Alaska not only breeds people who are connected to the land and the sea, it attracts them. Jonah’s copilot, Jen, drives to Alaska every summer from Austin, Texas. Yes, drives to Skagway from Austin, no easy task in a state where many places are only accessible by boat or plane.

Our guides who led us to the Davidson Glacier by canoe live in primitive cabins close to the lake. There is no heat, and trust me, it was cold out there, and they use compost outhouses. They live this way all summer by choice. You might be tempted to think these guys were not the sharpest tools in the shed, except I’m pretty sure they were.

That's Danny checking the girls' life vests.



I had an extensive discussion about Jon Krakauer’s Into the Wild with him, prompted by this bus in the middle of nowhere.



Although he understands that Krakauer identified with Chris McCandless’ spiritual quest, Danny thought McCandless was a just another dumbass who didn’t properly respect Alaska and got “bitten in the ass.” I tend to agree. Danny was also the one who gave me the Mark Twain quote I used in Blue Ice. Turns out Danny is only a glacier guide in the summer. In the winter, he works as a teacher in Haines.

This is Justin.



Justin was a wealth of knowledge about the lake, the forest, the glacier, and even the birds we saw. In the winter, he moves to New Zealand and actually leads hikers across one of the glaciers there. He told us about a “perfect day” he recently experienced. He wasn't working that day, so he decided to hike up the edge of the ice on the Davidson. On his way back down, he sensed movement, and stopped just in time to see a brown bear (aka a grizzly) come out of the brush. He sat quietly and watched until it wandered off. He was just thinking how cool that was when a wolf made an appearance. Davidson Lake is off the beaten path for most wolves in the area, so seeing one there was a very rare thing. If that wasn’t enough, later that afternoon, Justin went kayaking in the fjord with some of the other guides, and what do you think they saw? Yep, a humpback whale. It came right up next to them on their kayak.

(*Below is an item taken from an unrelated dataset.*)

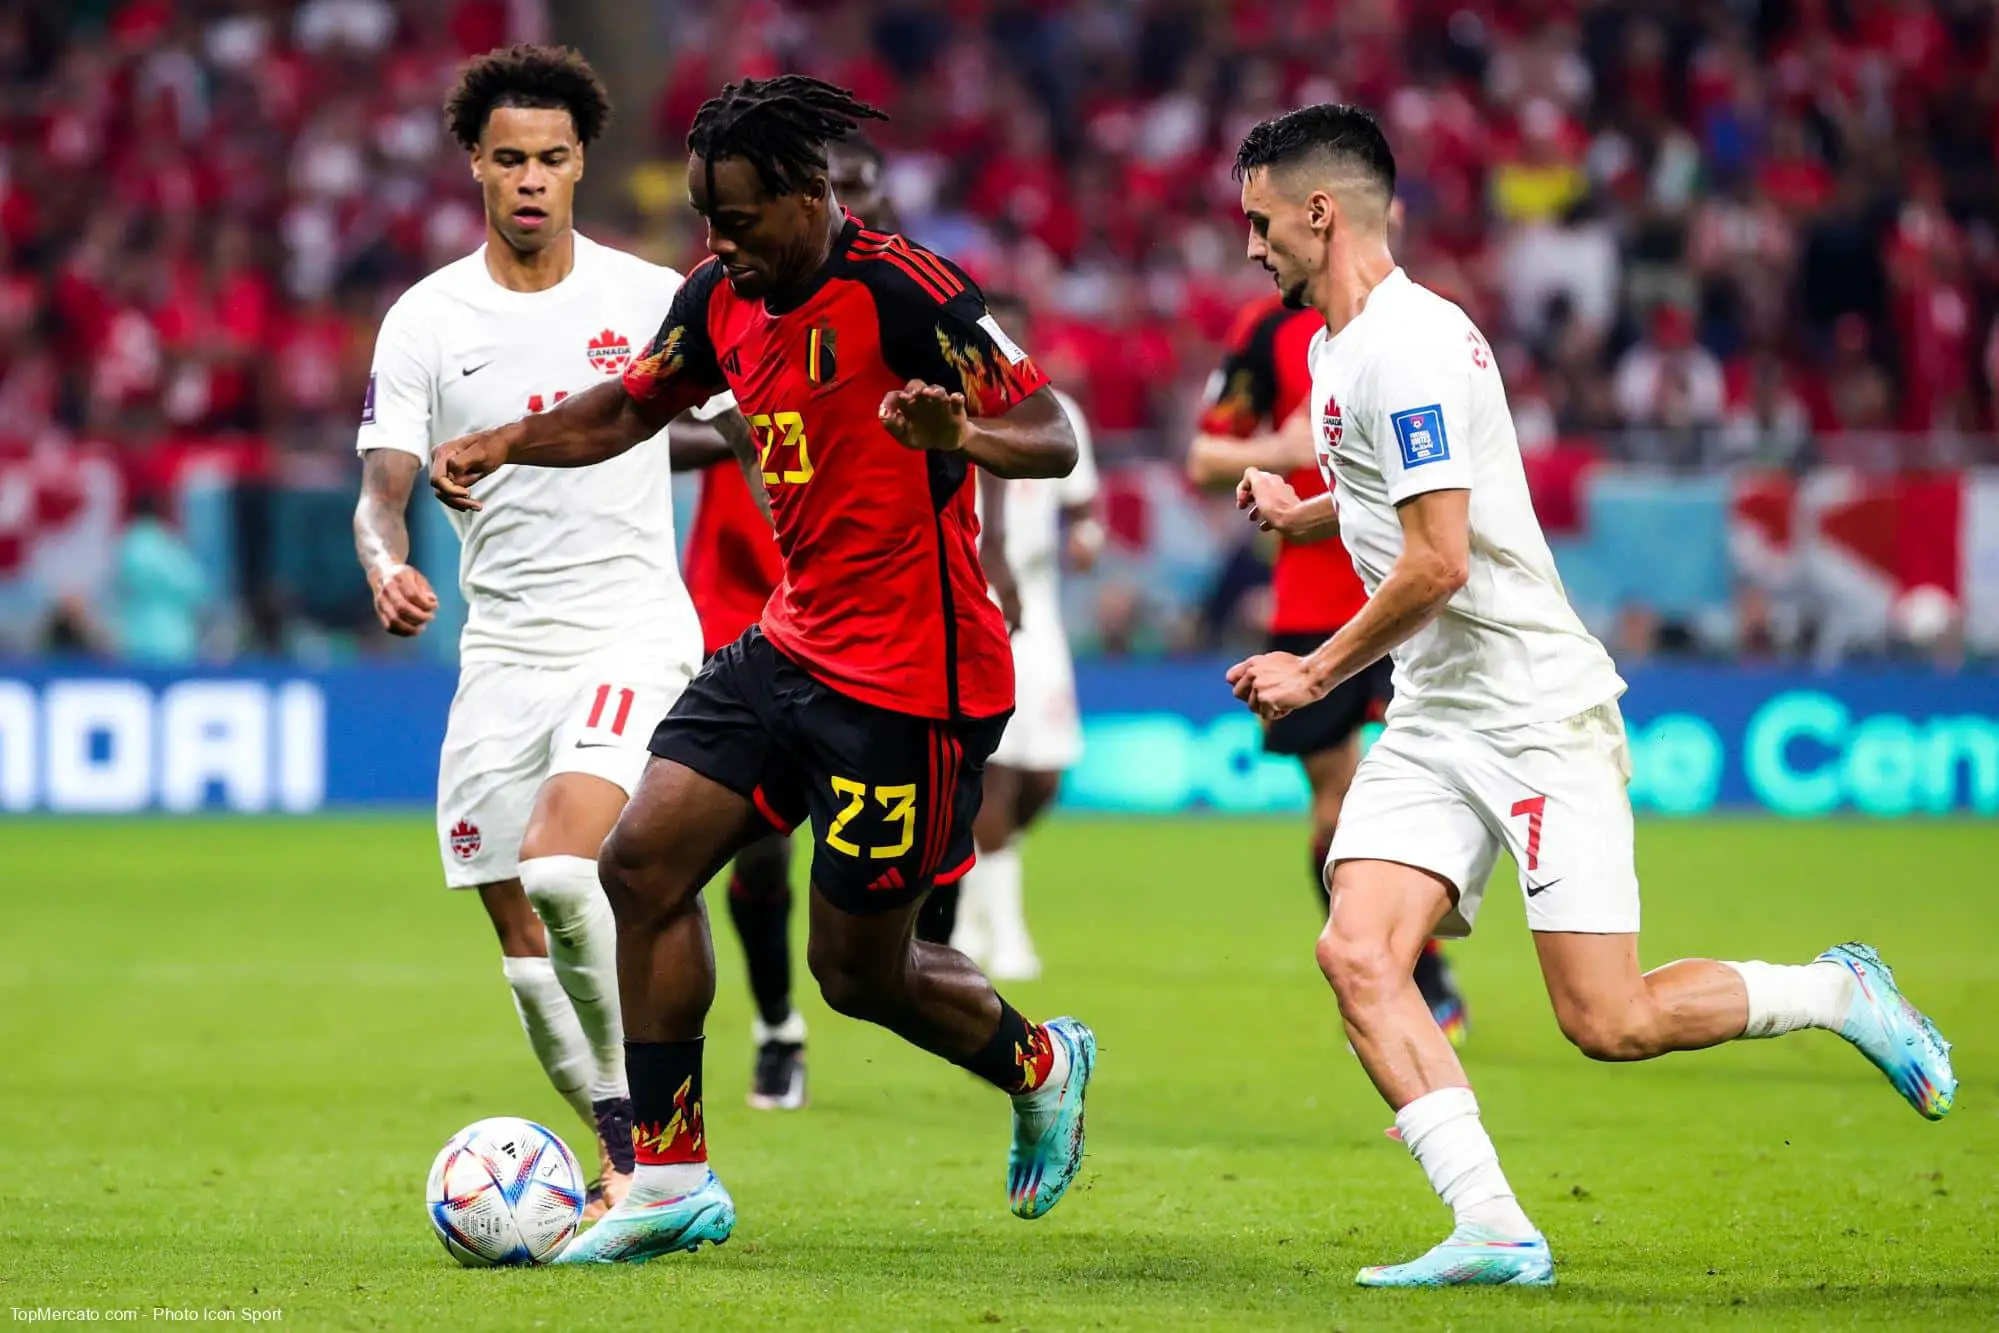 Mondial 2022 - groupe F: la Belgique battue logiquement par le Maroc (2-0), le Canada éliminé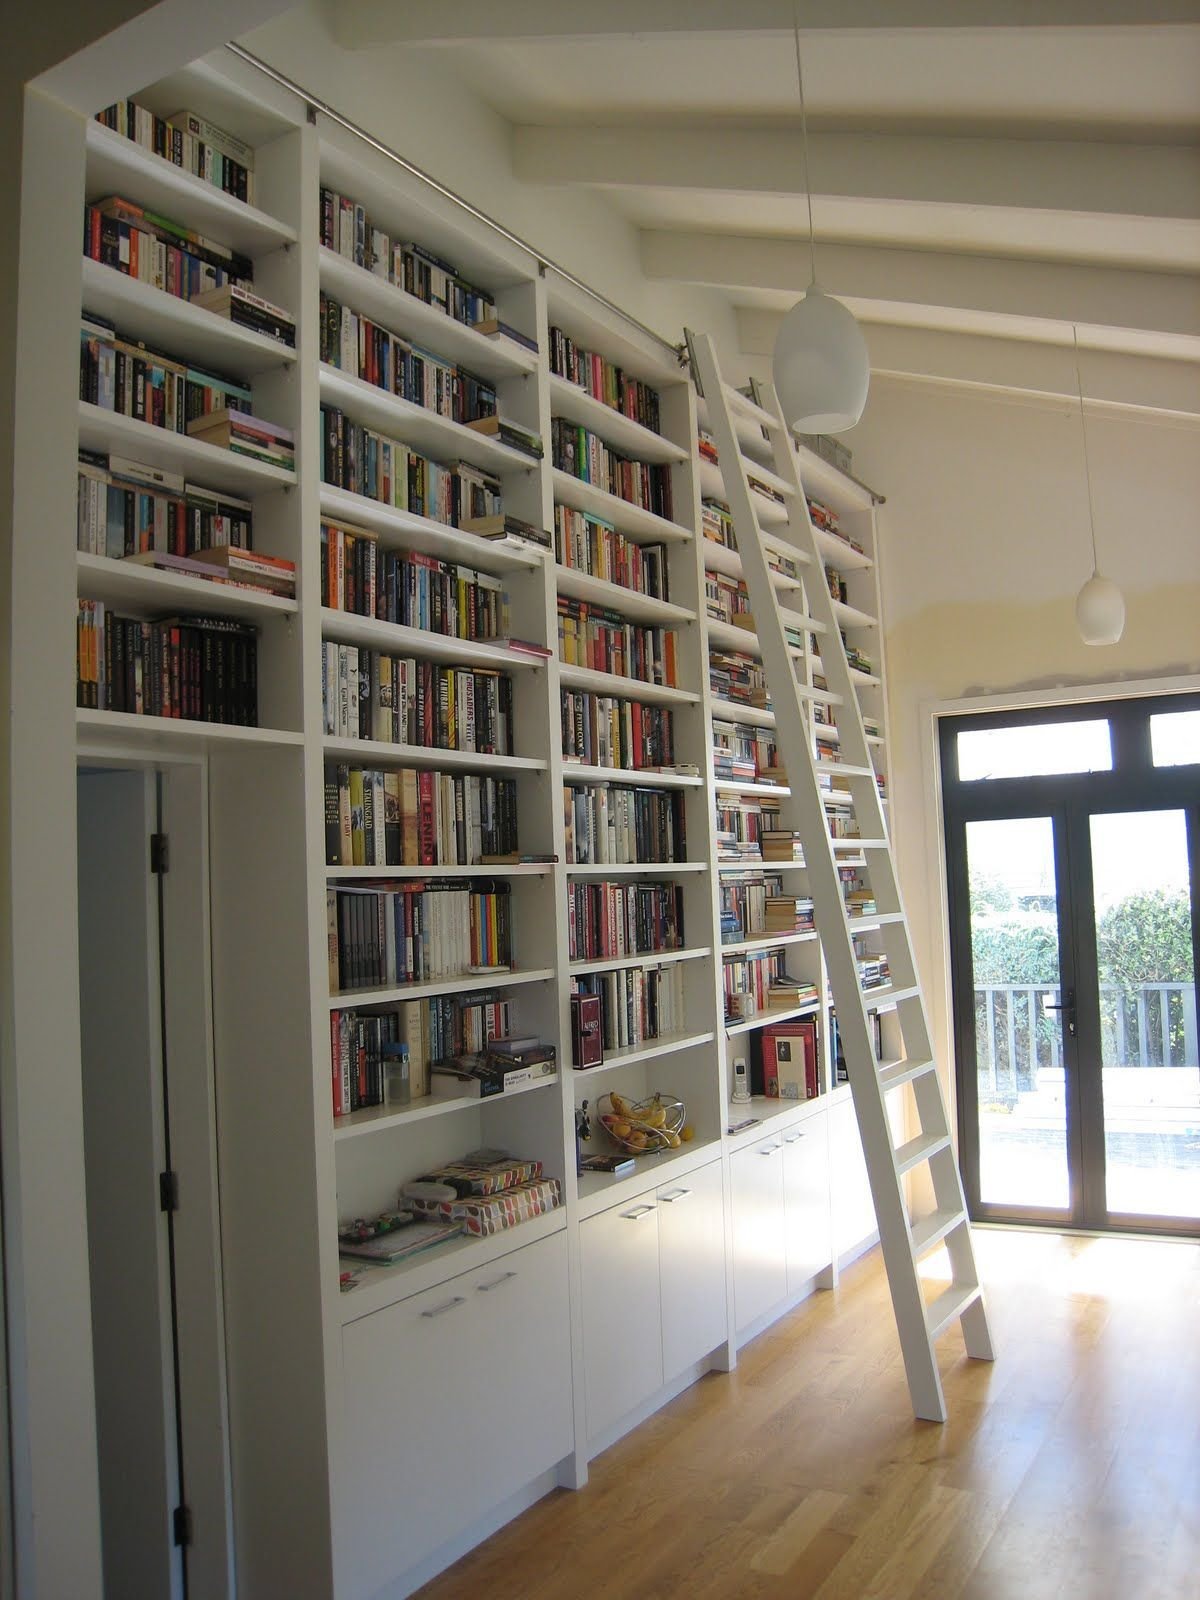 Стеллаж до потолка. Стеллаж во всю стену. Стеллаж книжный. Книжный стеллаж до потолка. Книжные шкафы под потолок.

These kids have chosen to live extraordinary lives, lives where you sign up to be in the road kill club, observe proper crab pot protocol, and drive five straight days from Texas to Alaska for the privilege of living in primitive conditions for five months. A life where a “perfect day” means seeing a bear, a wolf, and a whale within a six hour period.



Now…there is another breed of folk in Alaska as well. One who is less, shall we say, positive and optimistic about life. I met one of those as well, but I’ll save him for another day.

As we hiked back to our pick-up point on the beach, Danny called it the denouement of our journey. Oh, how I love a man who drops literary terms into his everyday conversation! Danny was wrong though. That excursion was the climax of mine.